EXERCISE =
Would you return the lines between the one holding "Artis Forged Buckeye-M" and the one holding "ensemble salle Ensemble", inclusive, and only those, exactly as they stand in the listing below?

PROVIDED MATERIAL =
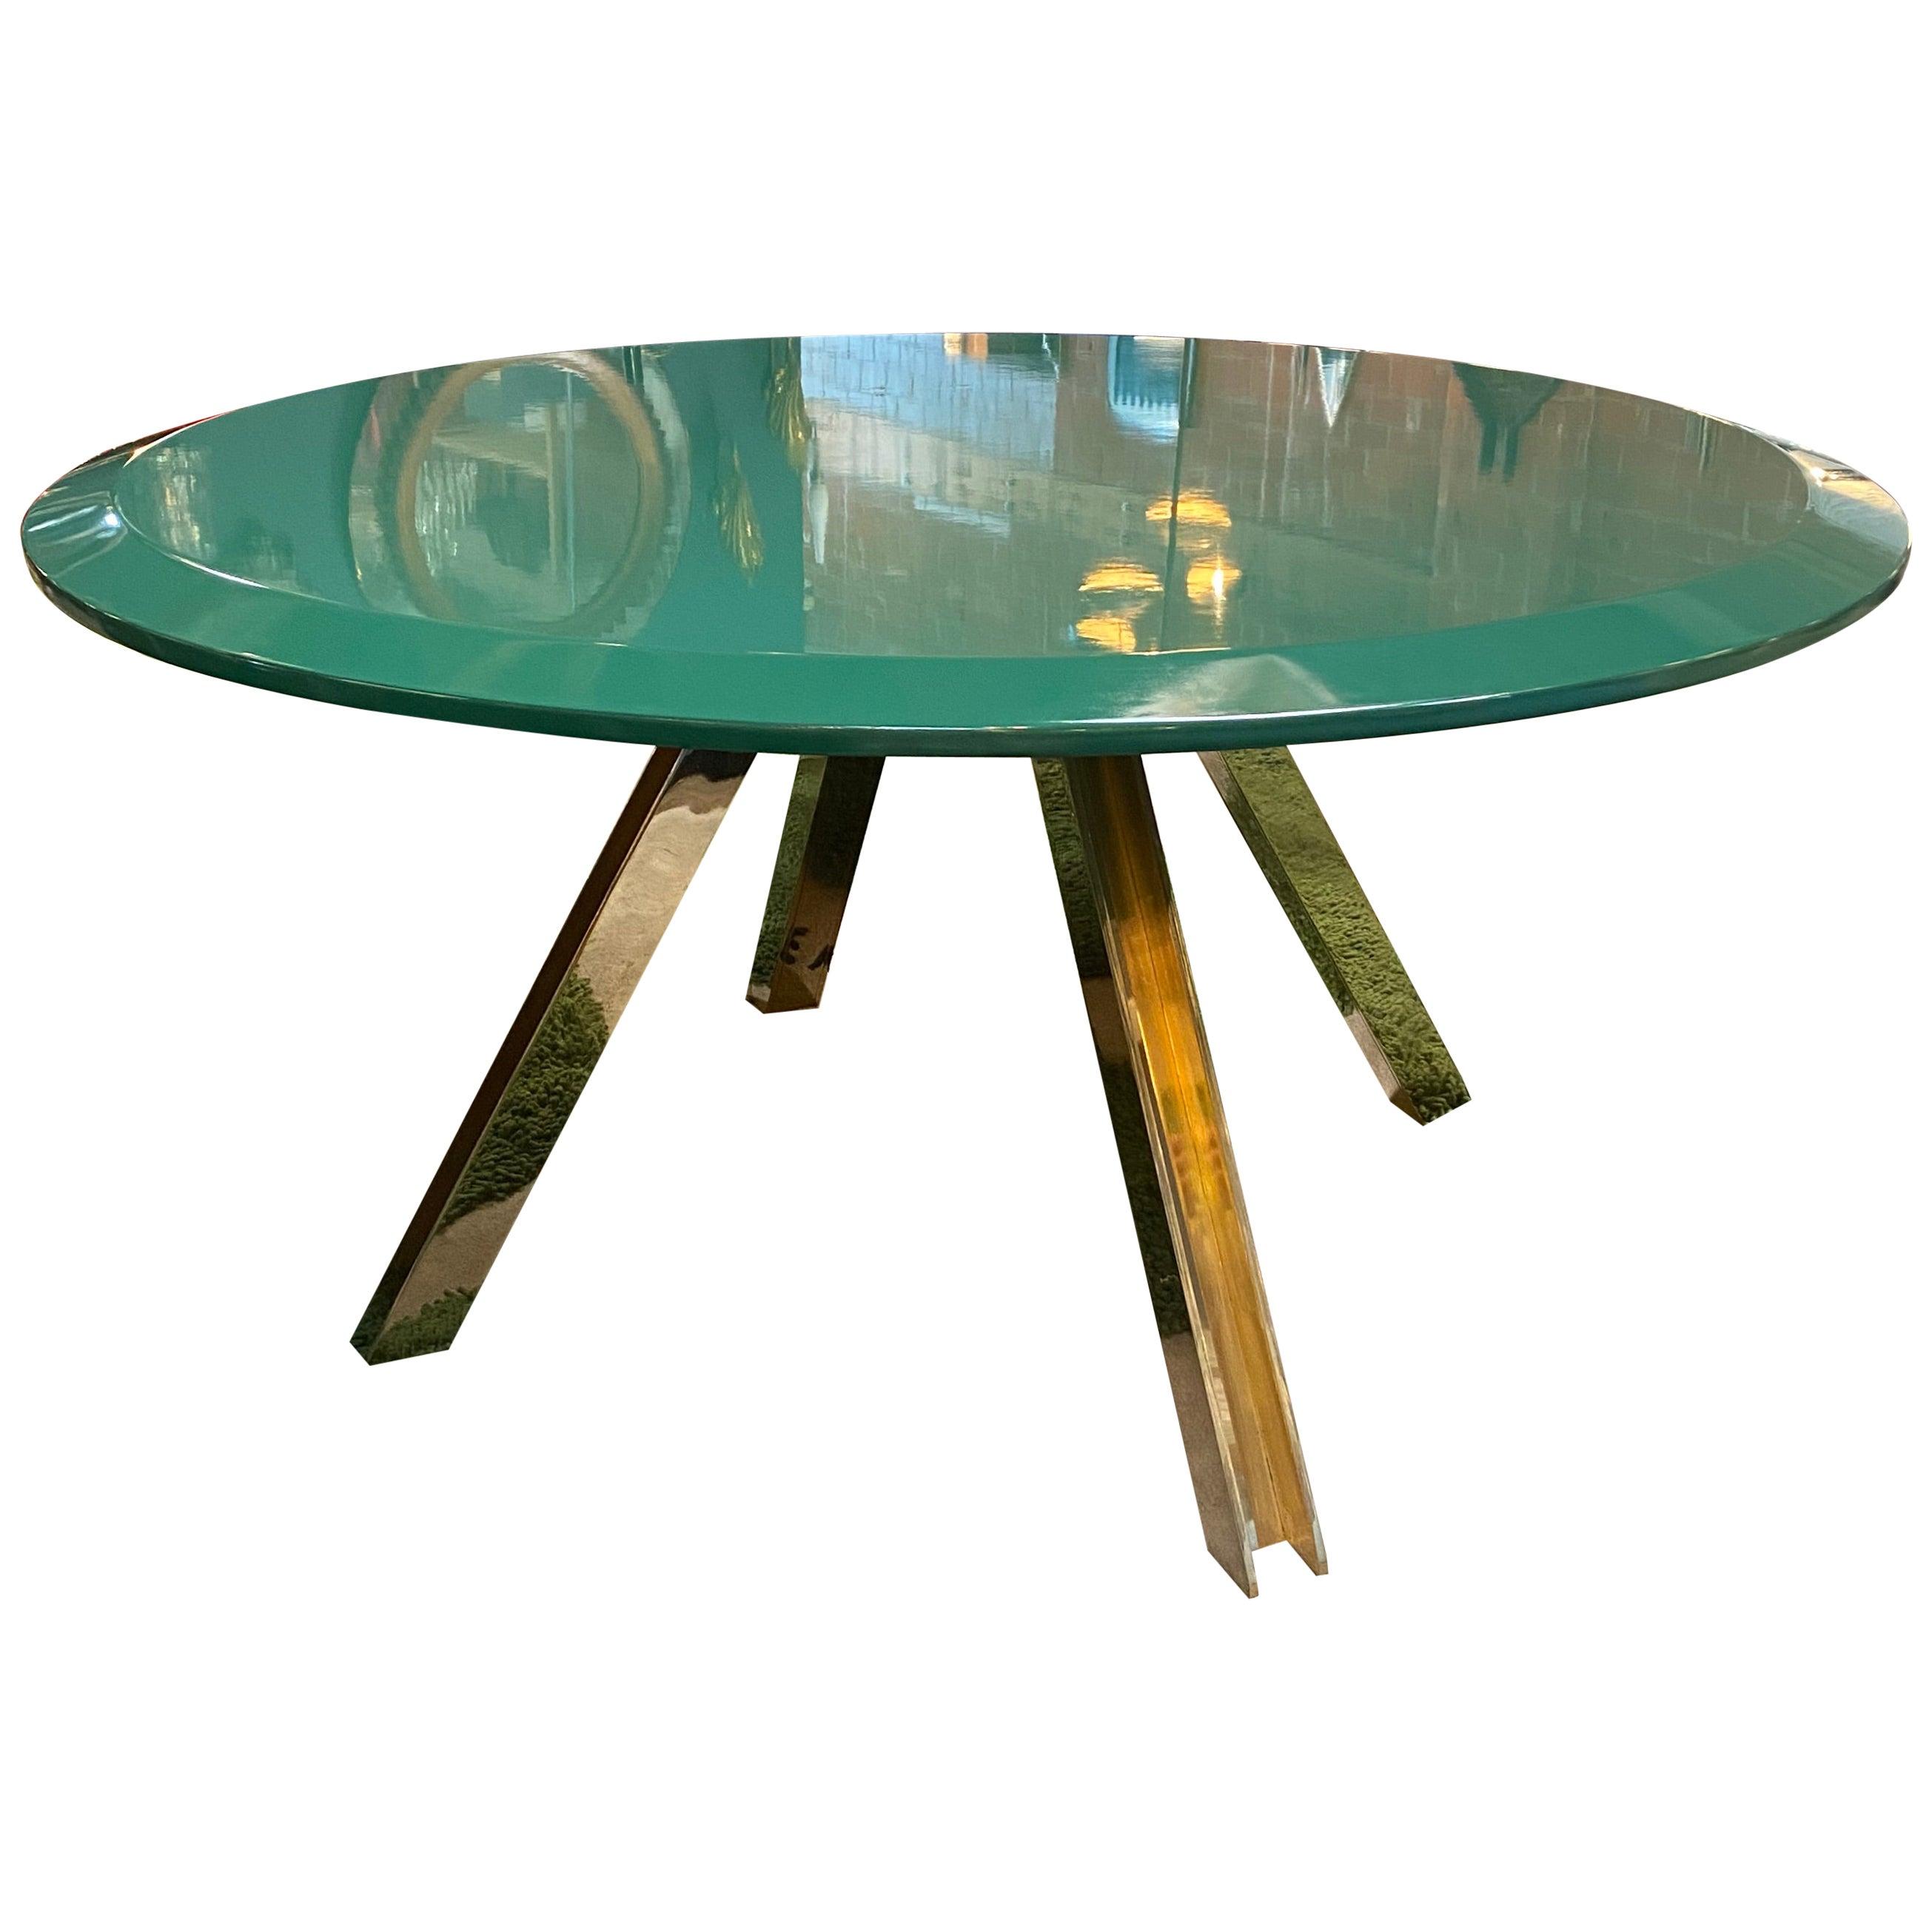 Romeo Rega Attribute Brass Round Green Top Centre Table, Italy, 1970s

---

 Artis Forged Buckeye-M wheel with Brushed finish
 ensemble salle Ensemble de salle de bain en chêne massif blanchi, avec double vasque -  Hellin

RESULT OF THIS EXERCISE =
 Artis Forged Buckeye-M wheel with Brushed finish
 ensemble salle Ensemble de salle de bain en chêne massif blanchi, avec double vasque -  Hellin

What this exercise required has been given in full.